• [ABOUT THIS EXERCISE] Could you transcribe exactly the lines below, from the line with "The Boss - Funny couple's t-shirt" through the line with "A collection of", and nothing else, leaving out the pictures?

• [MATERIAL SHOWN]
§

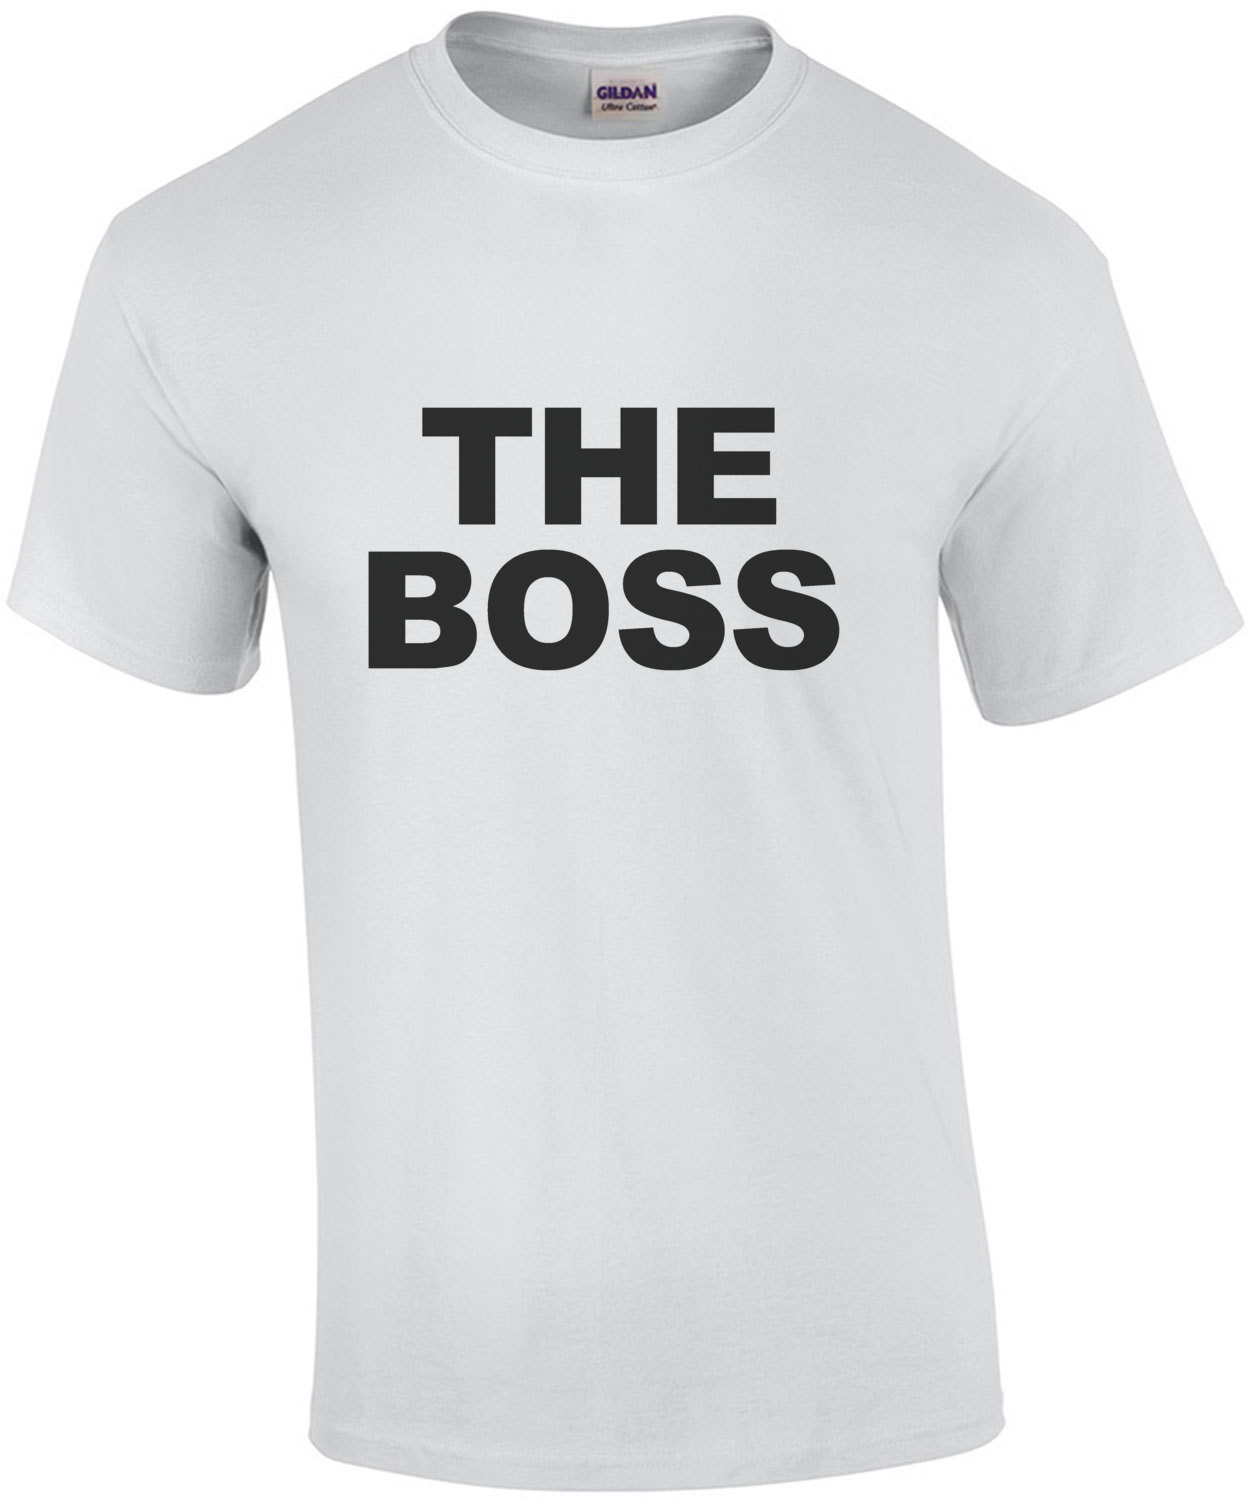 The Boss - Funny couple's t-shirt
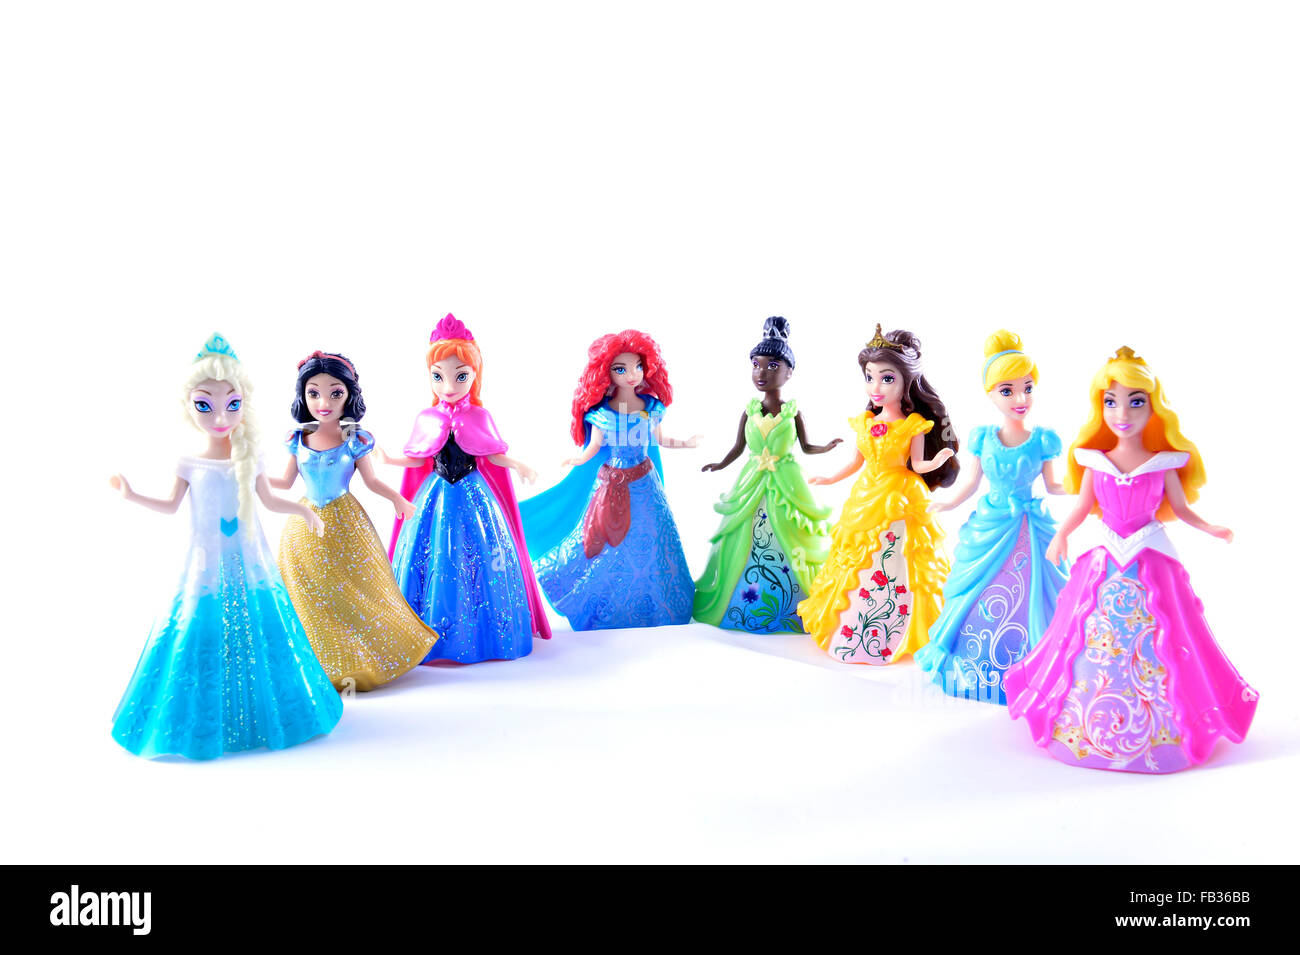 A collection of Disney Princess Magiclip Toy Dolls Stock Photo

§

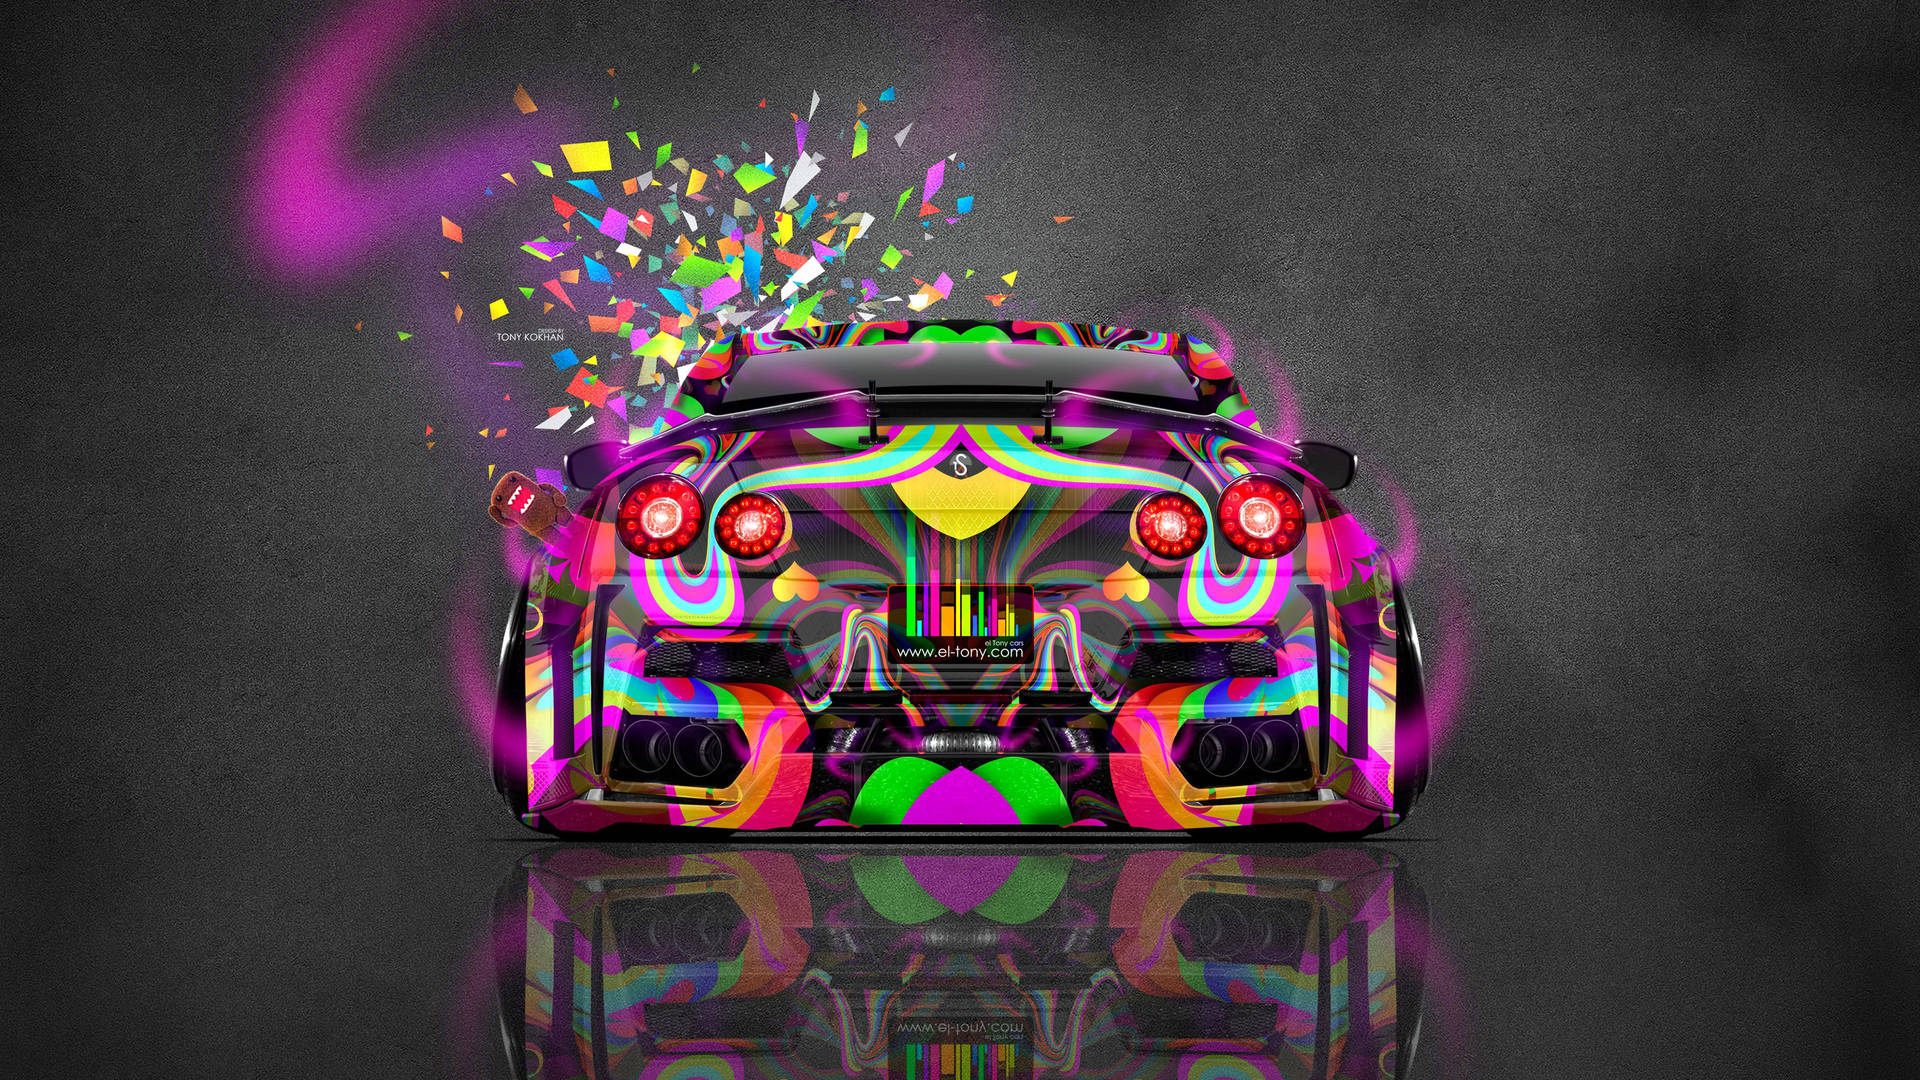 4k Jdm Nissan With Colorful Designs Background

§

• [ANSWER AREA]
 The Boss - Funny couple's t-shirt
 A collection of Disney Princess Magiclip Toy Dolls Stock Photo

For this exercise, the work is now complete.